Dans la soirée, les douze maires de la capitale avaient une rencontre à la mairie centrale, d’où plus d’un commerçant espérait  voir la fumée blanche sortir. Mais ce ne fut pas le cas, et la réouverture des marchés n’est pas pour aujourd’hui. « D’abord ce n’est pas parce qu’il y a eu des manifestations ce matin que nous avons tenu cette rencontre. Elle était prévue dans le cadre de la riposte au Covid-19 », a précisé Armand Béouindé à l’issue de leur rencontre.

 Concernant la grogne dans les marchés, il dit comprendre les croquants. « Ils ont raison parce que c’est là qu’ils gagnent leur vie de tous les jours, et ils ont l’impression que nous mettons beaucoup de temps à rouvrir les marchés. Mais notre responsabilité est que ces marchés puissent être ouverts avec la plus grande précaution possible », a expliqué le bourgmestre. Mais s’il comprend leur peine, la réouverture requiert des préalables et ce ne sera pas pour demain :

il faut, entre autres mesures, nettoyer tous ces marchés, instaurer une nouvelle organisation à l’intérieur pour respecter la distanciation sociale, ramener au nombre de deux les vendeurs par boutique.

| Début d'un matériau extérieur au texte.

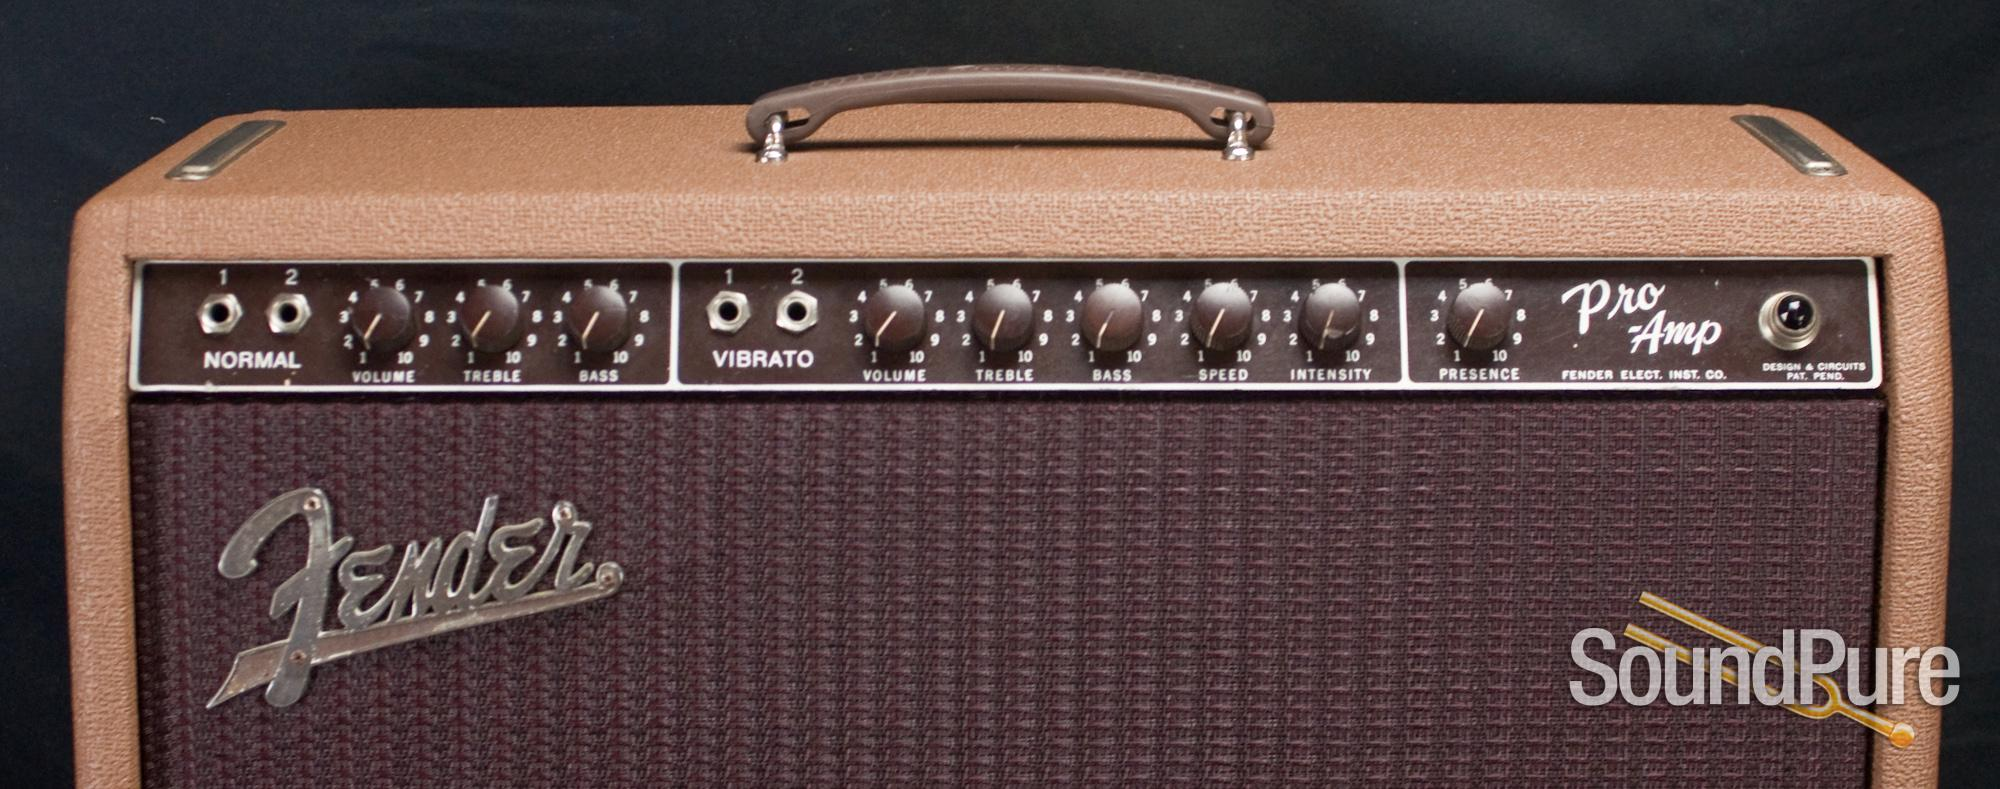 fender 1962 pro amp brownface guitar amp vintage used ebay. Black Bedroom Furniture Sets. Home Design Ideas
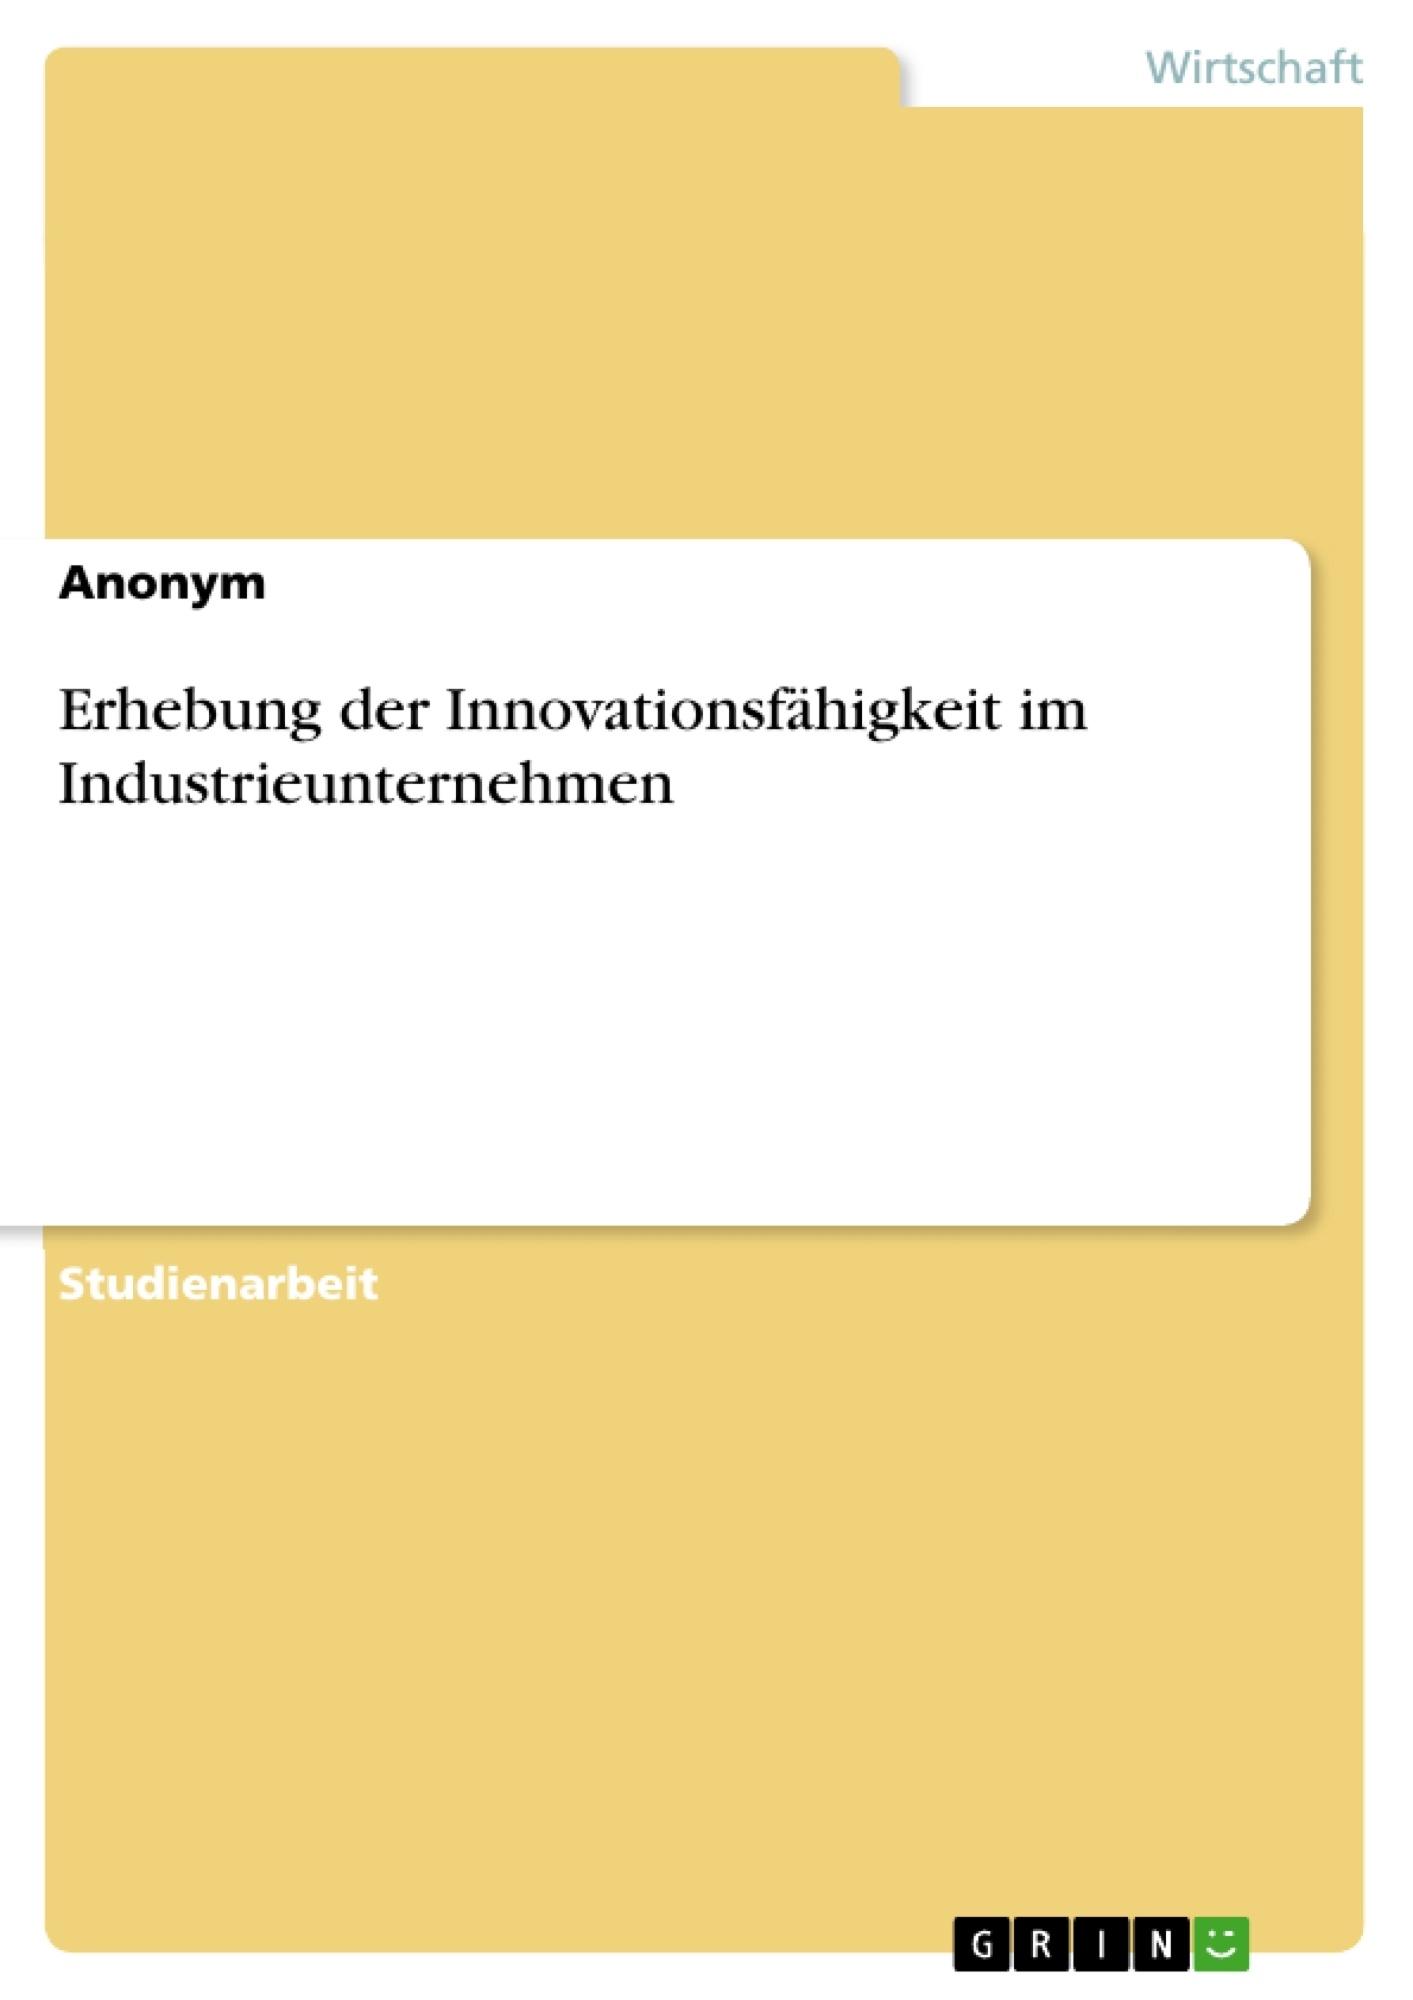 Titel: Erhebung der Innovationsfähigkeit im Industrieunternehmen

Mais il se veut rassurant quand à la reprise des activités dans les marchés et yaars. « Nous sommes dans un processus irréversible de réouverture des marchés. Il reste encore quelques réglages à faire », a dit le maire  pour apaiser les esprits déjà surchauffés des commerçants.

Tout compte fait, il faut encore de la patience. «  C’est la semaine prochaine que nous rendrons compte au gouvernement  avant de prendre l’arrêté pour ouvrir les marchés qui seront aux normes », a annoncé Armand Pierre Béouindé  dans la soirée de la journée de protestation.

Pris à contre-pied par cette annonce faite après les rencontres des maires, les commerçants, qui ne juraient que sur la réouverture,  vont-ils remballer leurs plans de protestation ou descendront-ils de nouveau dans les rues?